■ DIRECTIONS
An image-free reproduction of the data below is needed: print it exactly.

■ DATASET EXCERPT

******

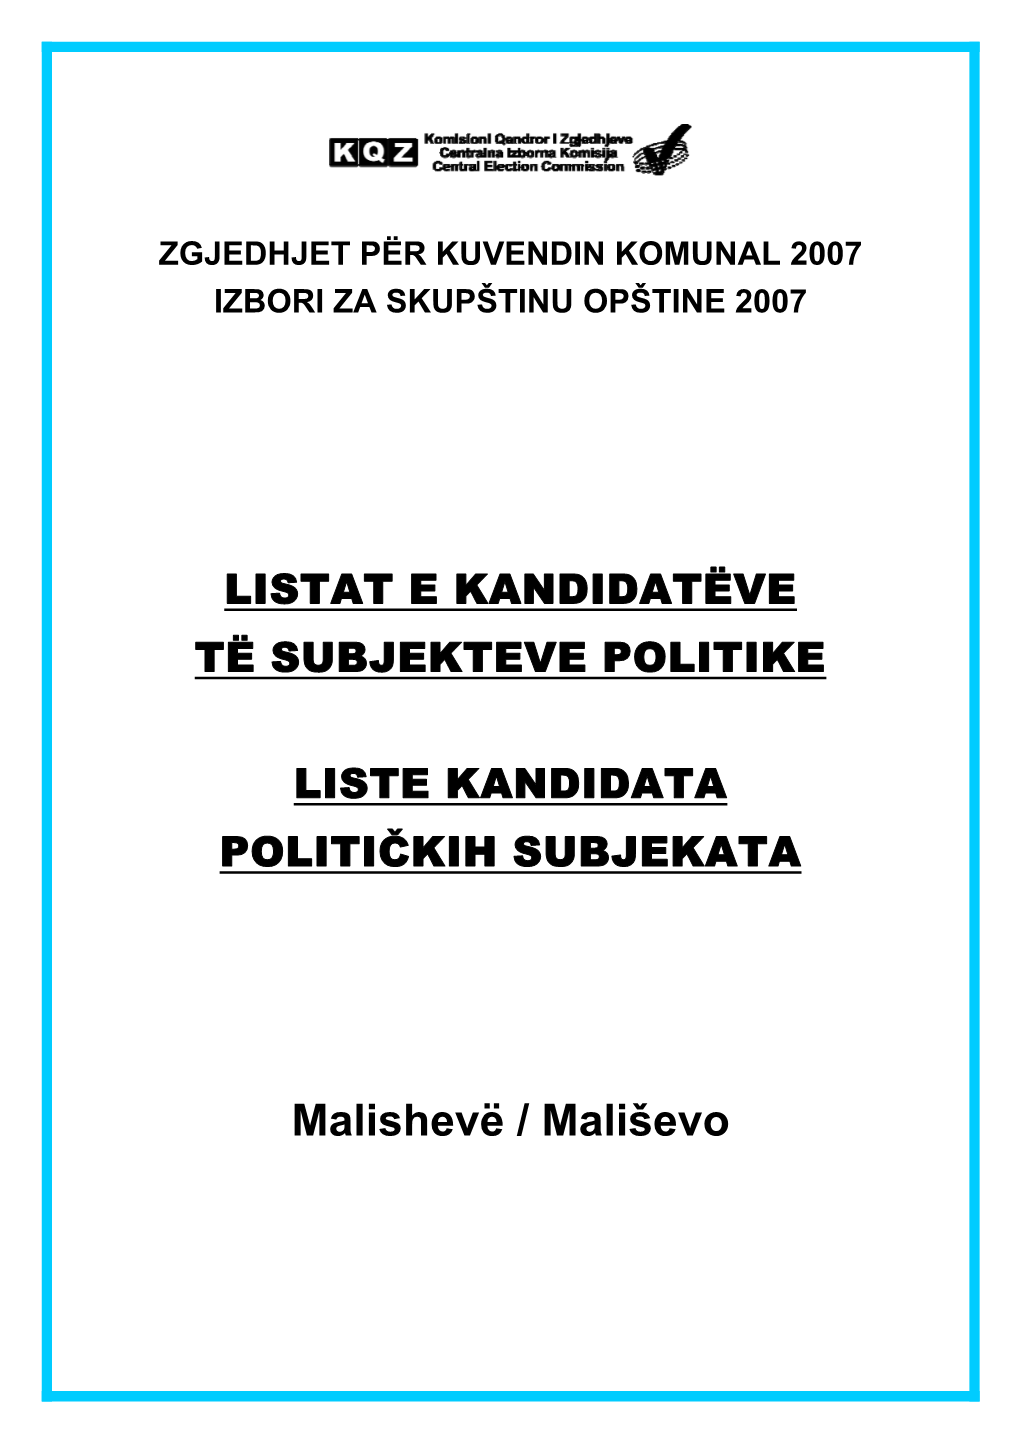 Malishevë / Mališevo 39
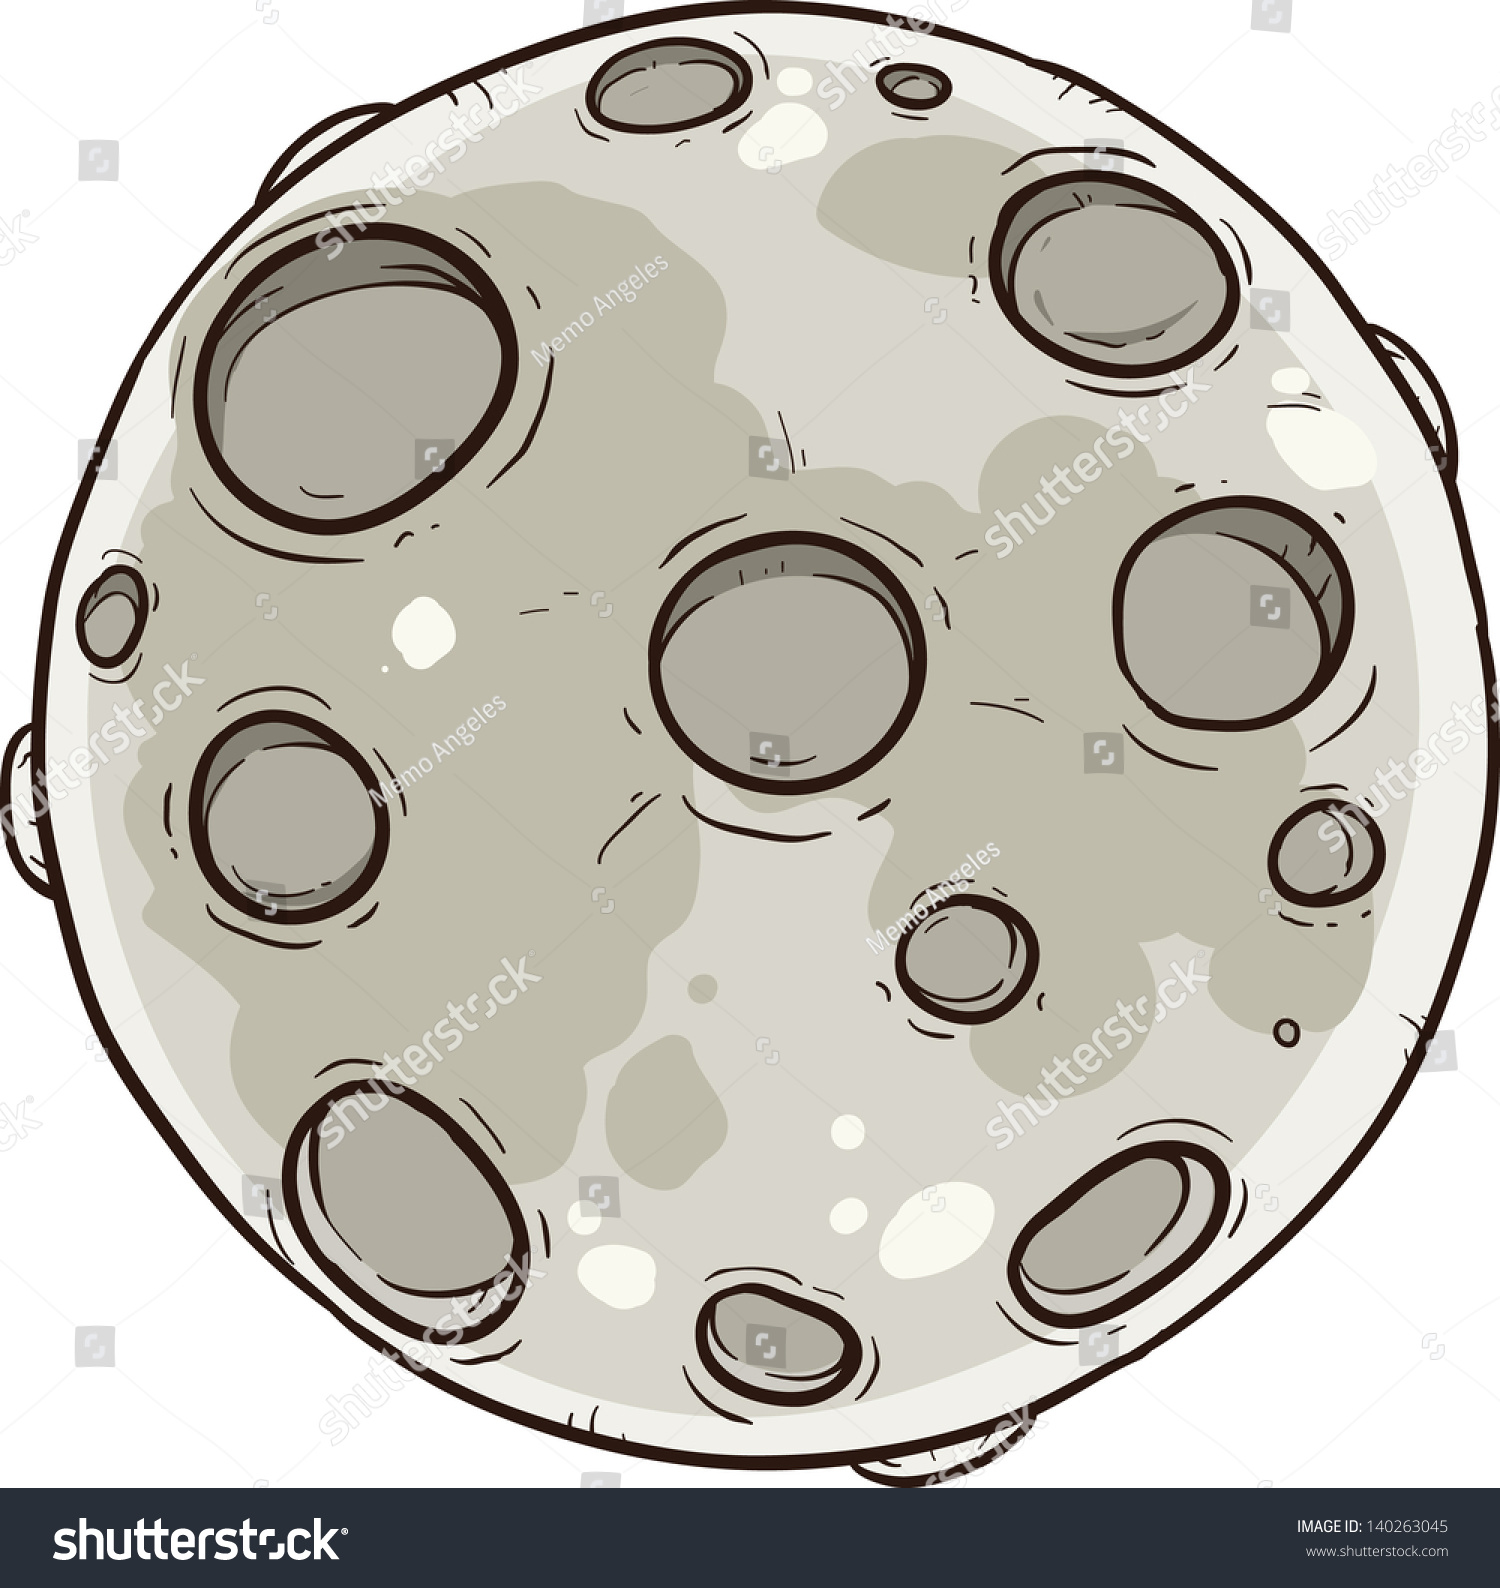 Cartoon moon. Vector clip art illustration. All Royalty Free Stock
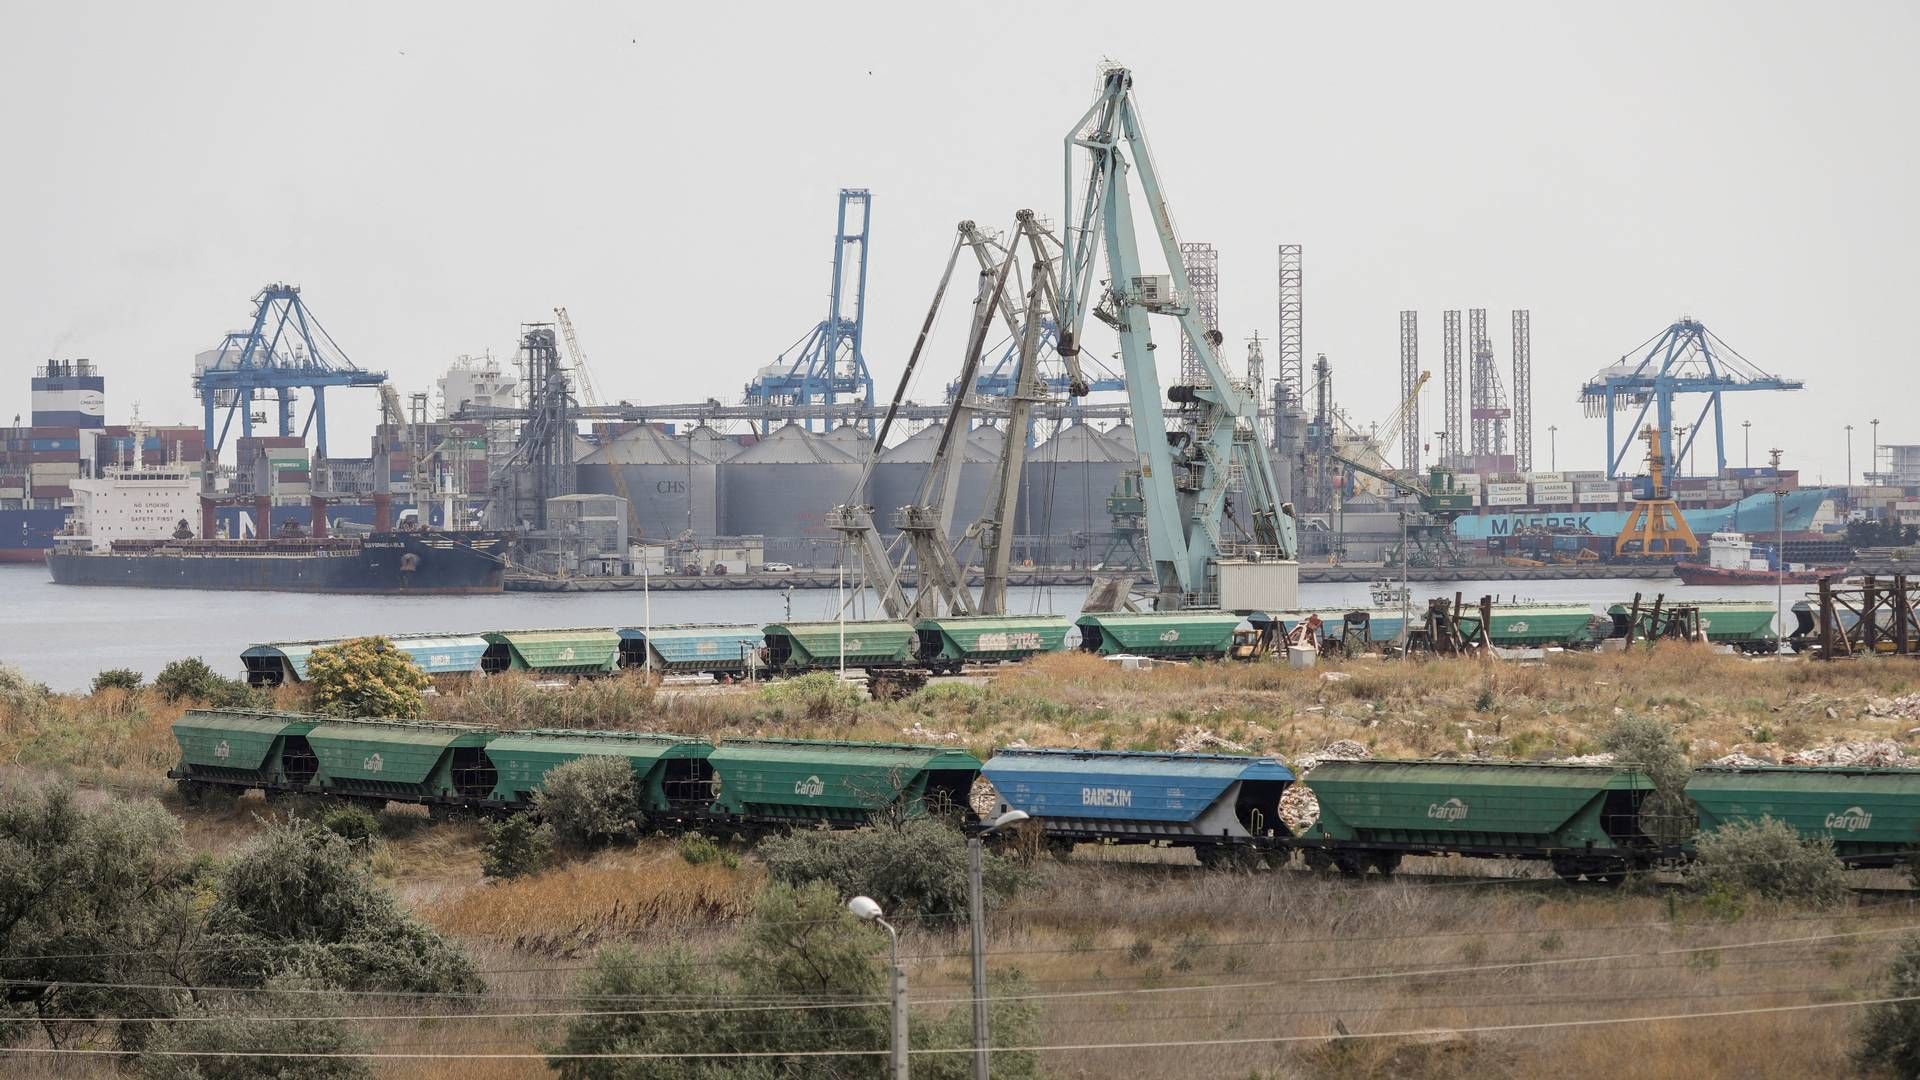 Det er især på havnen i Contanta, der er den største containerhavn i Sortehavet, at DP World vil bruge en stor del af sine investeringer i Rumænien. | Foto: Inquam Photos/Reuters/Ritzau Scanpix

******

■ REPLY TO THE TASK
 Malishevë / Mališevo 39
 Cartoon moon. Vector clip art illustration. All Royalty Free Stock
 Det er især på havnen i Contanta, der er den største containerhavn i Sortehavet, at DP World vil bruge en stor del af sine investeringer i Rumænien. | Foto: Inquam Photos/Reuters/Ritzau Scanpix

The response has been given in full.